It may be noted that persistence of DNAm signals from birth to childhood is not necessarily needed for differential methylation to have an effect. Differential methylation at birth, which affects developmental programmes at a critical period, may have long-lasting effects, even if the differential methylation does not persist into early childhood.

The season-related DNAm signals (CpGs and DMRs) identified in the primary and latitude analyses were non-overlapping. The primary analysis investigated the seasonal variations disregarding the information on the latitude of birth of the children. The results make use of the distribution of methylation signals across the seasons only. In contrast, the latitude analysis is a stratified analysis which examines the above seasonal variations in two separate latitude regions (lower and higher latitudes in the northern hemisphere). The results of such an analysis look for differences in the distribution of methylation signals across the seasons in two separate latitude subgroups which are likely to be different from that of the primary analysis. However, the DMR mapped to HTR2A was present both in the winter- and spring-born children of the preliminary childhood analysis as well as the winter-born children of the higher latitude childhood analysis. Alternatively, the non-overlapping methylation signals observed in the latitude subgroups, despite smaller sample sizes and stringent FDR cut offs, are likely to be the enriched latitude-specific signals which were not visible in the primary analysis.

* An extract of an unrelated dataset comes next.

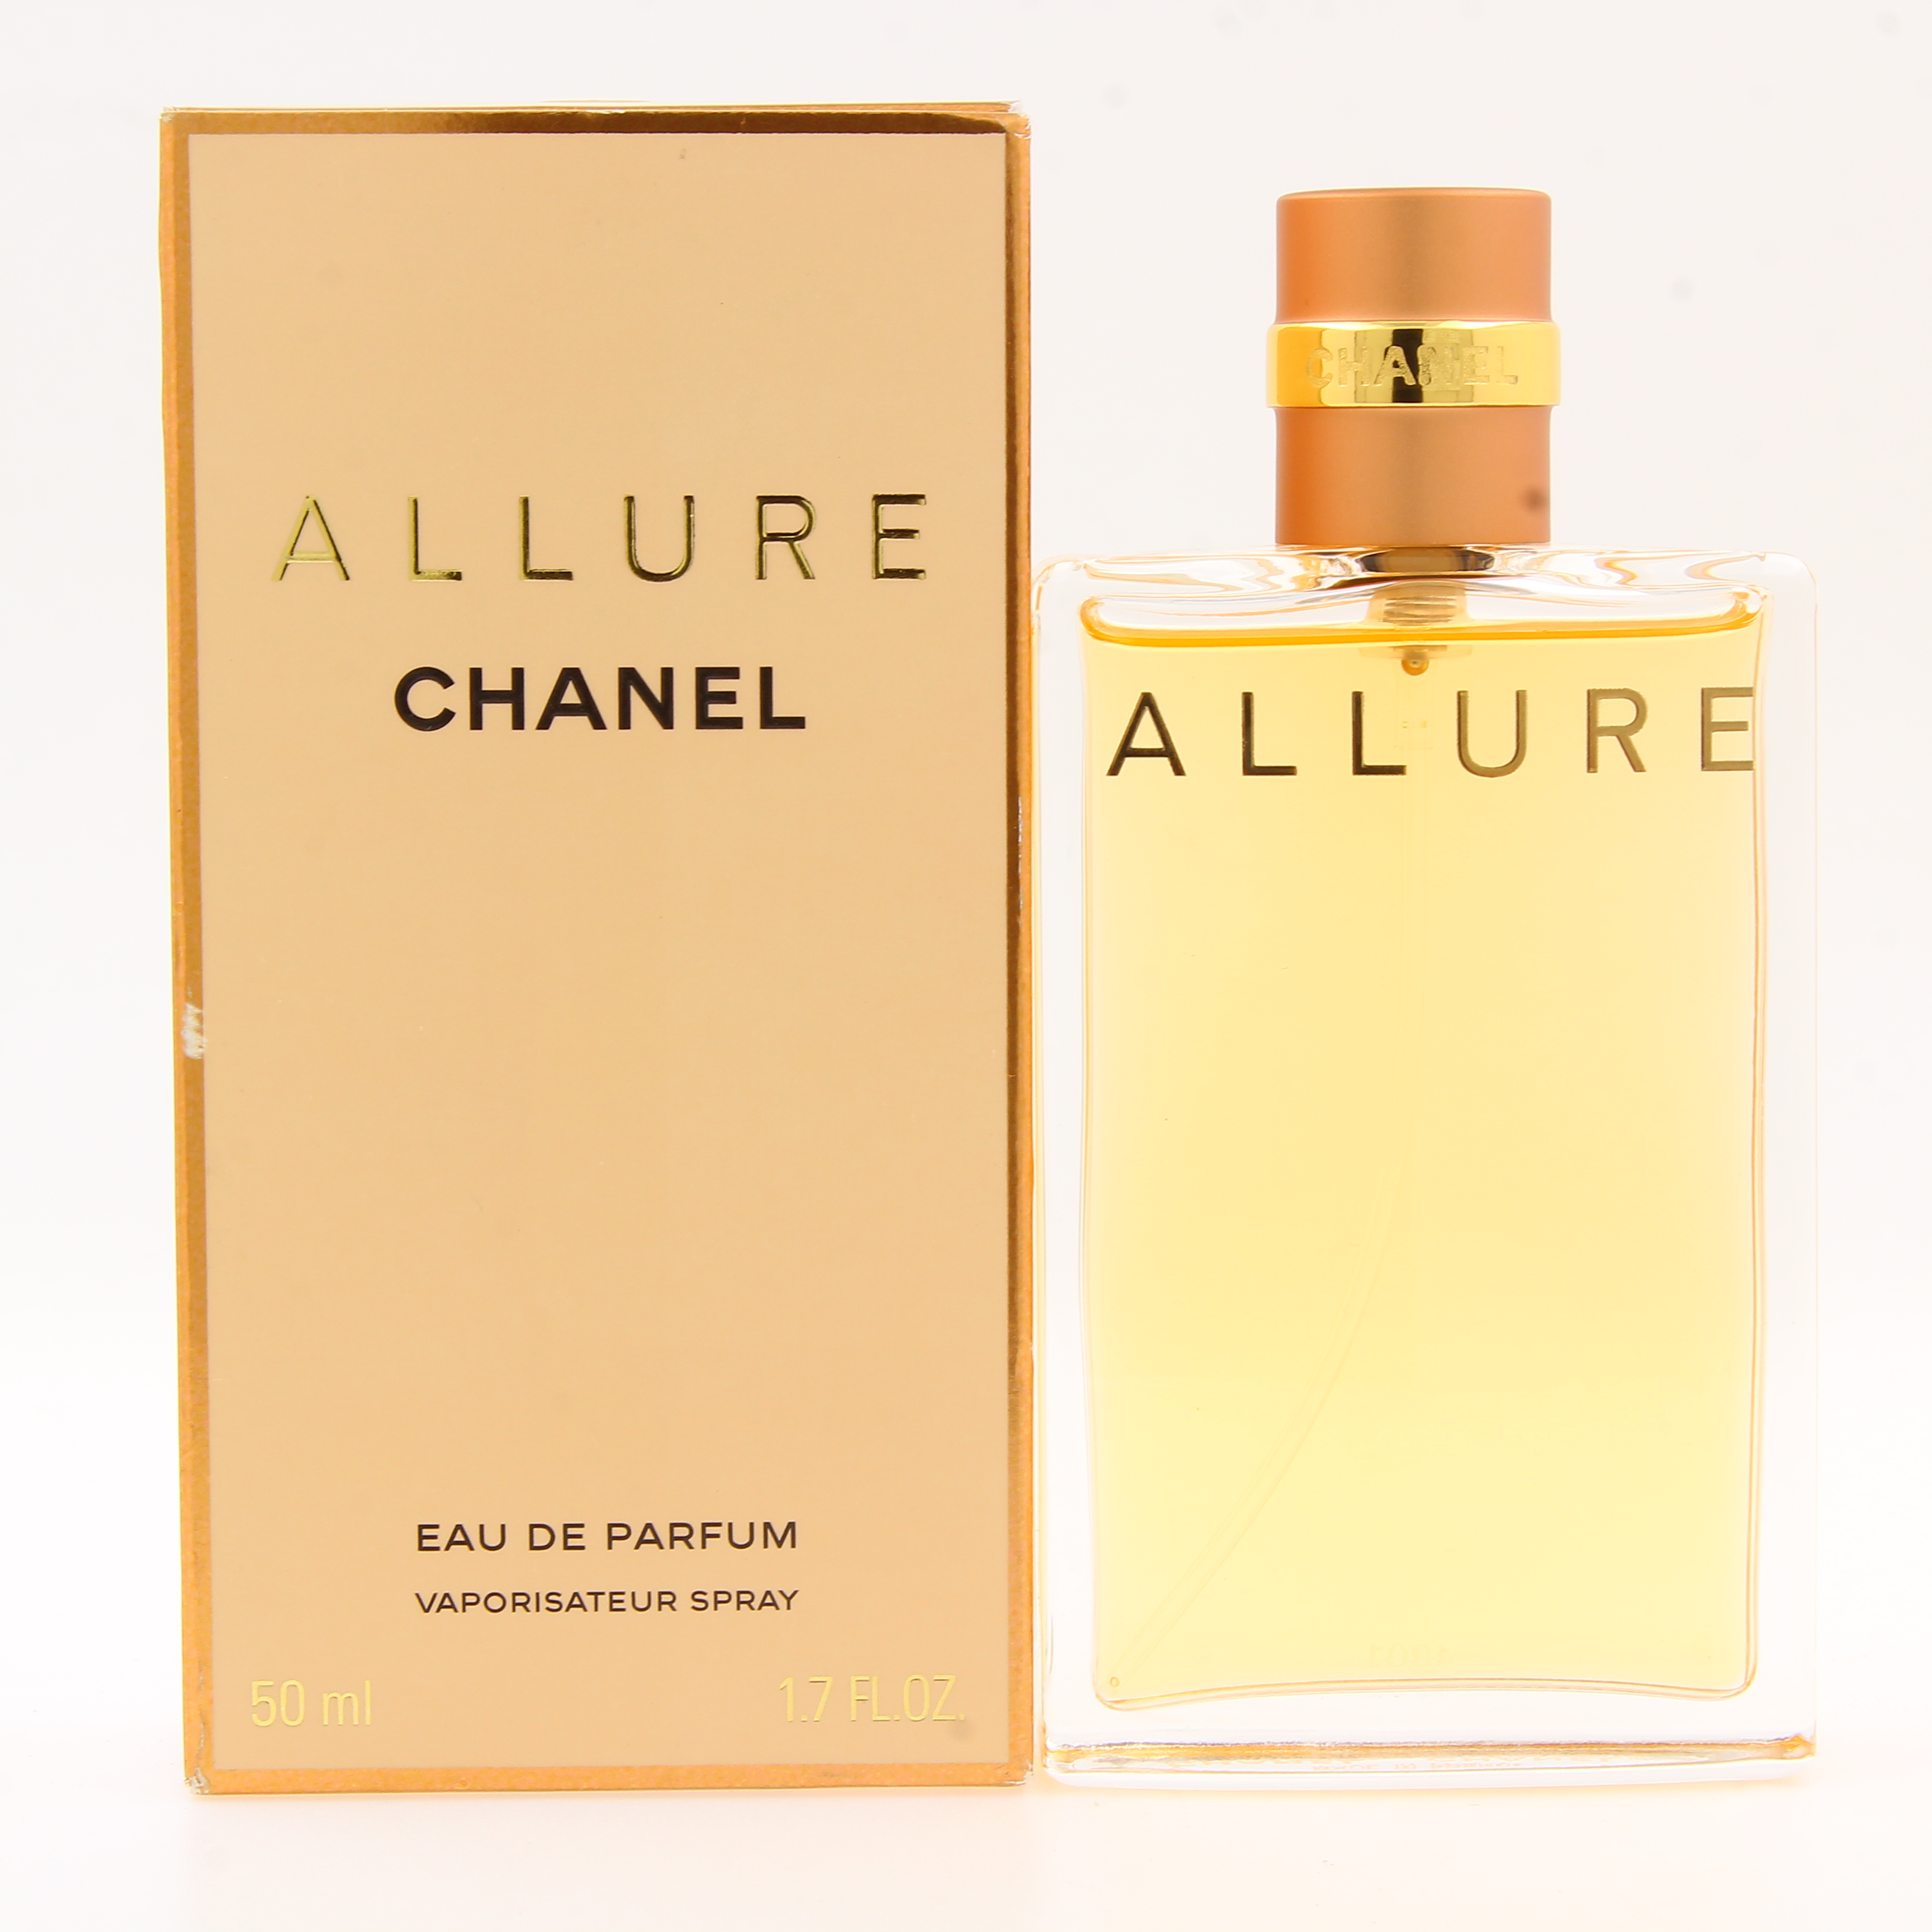 Allure by Chanel Women's Eau de Parfum 50mL/ 1.7 Fl. Oz - NIB - M Couture

Genes implicated in the season of birth association of DNA methylation

Several of the differentially methylated probes (DMPs) and DMRs identified in our analyses mapped to genes with well characterised functions. We highlight below some of the genes mapped to DMPs or DMRs identified in the at-birth and childhood analyses of the higher latitude subgroup which are likely to be associated with outcomes relevant to season of birth.

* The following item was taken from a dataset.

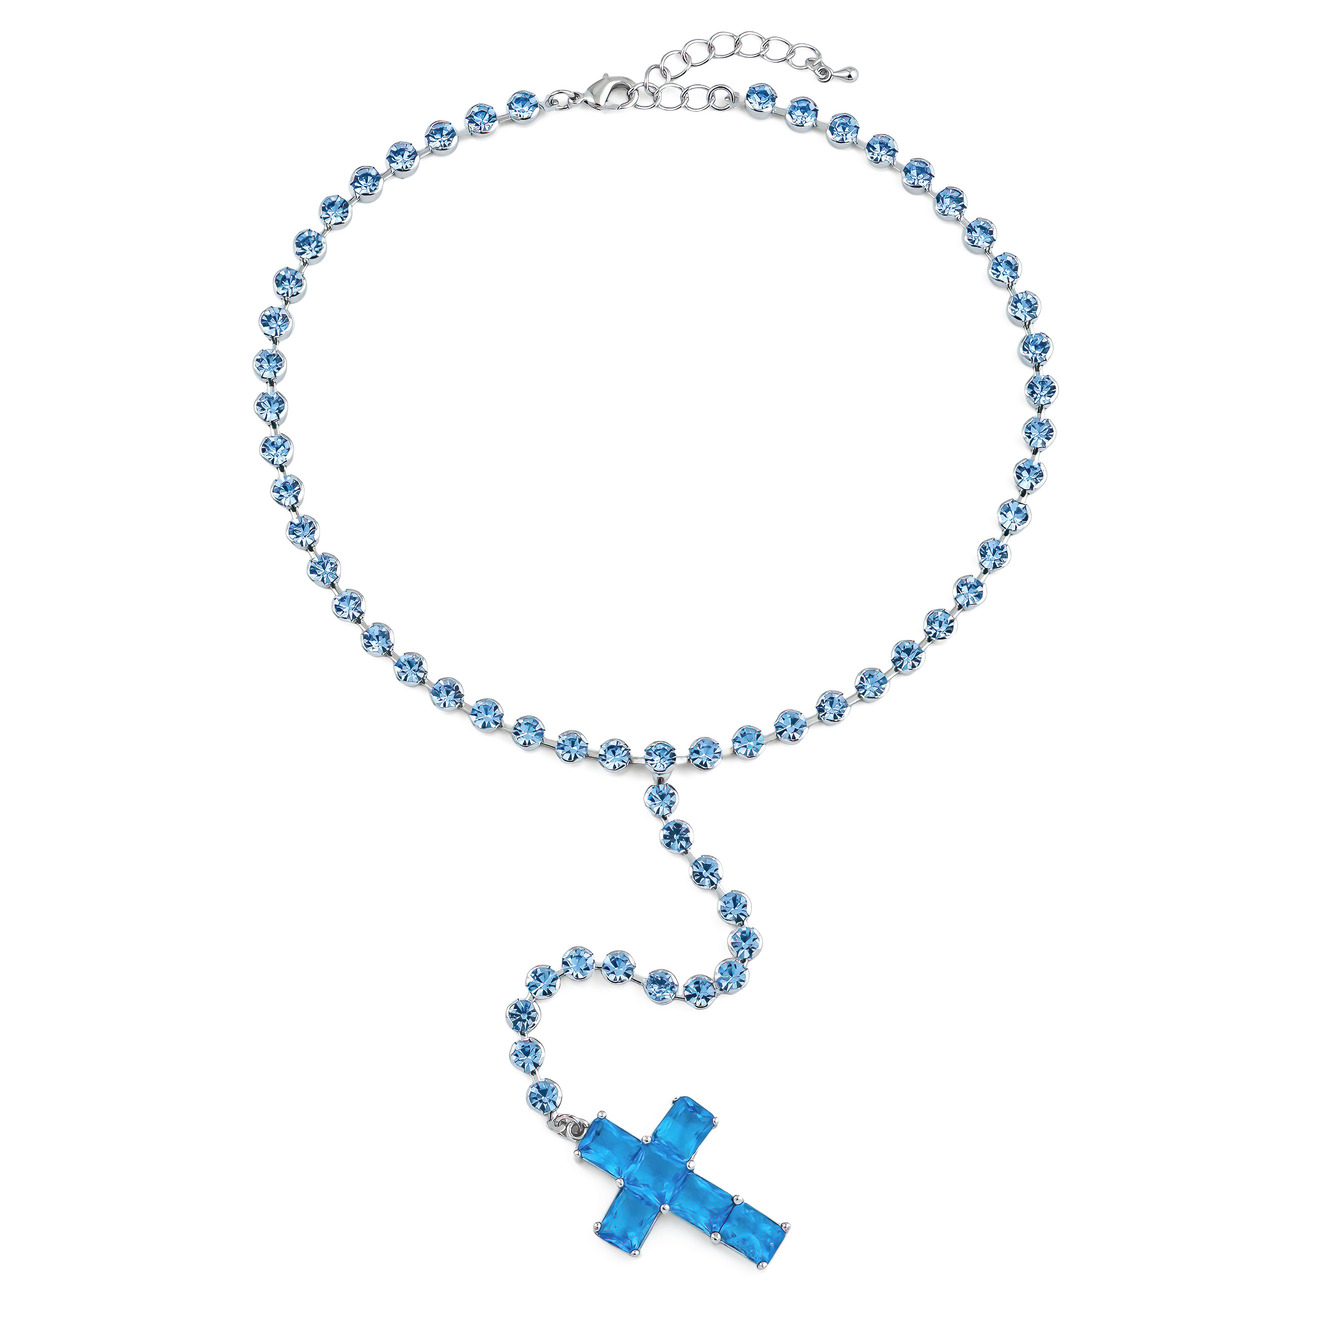 Herald Percy Серебристое колье-галстук с голубыми кристаллами в виде креста

The most studied link between season of birth and a disease outcome is that of schizophrenia (SZ). In the general population in the northern hemisphere, individuals born in late winter and early spring have an increased risk of developing SZ later in life [9, 50, 51]. In addition, the prevalence of SZ has also been shown to increase with increasing latitude with the highest prevalence rates at the poles [52, 53]. Correlation patterns of risk factors and SZ identified pre-natal vitamin D deficiency and infections like influenza and toxoplasmosis which are more prevalent in higher latitude and cold climates, as major risk factors of SZ. Interestingly, DNAm of cg12022621, mapped to the LAX1 gene (Lymphocyte Transmembrane Adaptor 1), has been shown to be associated with severity of certain symptoms of schizophrenia (SZ) in a case–control study [54]. LAX1 is also the mapped gene for one of the top-ranked at-birth DMRs (Šidák-corrected p value: 7.2 × 10−8) spanning six CpGs including cg12022621 (crude p value: 3 × 10−4, Table 4) and was identified only in the winter-born group of the higher latitude subset in the at-birth samples. While LAX1-associated SZ was absent from the childhood DMR analyses (Table 4), published literature reveals SZ to be one of the most highlighted outcomes of the major depressive disorder (MDD) family of mental health outcomes in winter- and spring-born children (Additional file 6: Table S5 and references therein). The corresponding associated genes in the childhood analyses were LY6G5C, HTR2A, SHANK 1 and NKAPL, in the winter-born children and, SNTG2 in the spring-borns [5559].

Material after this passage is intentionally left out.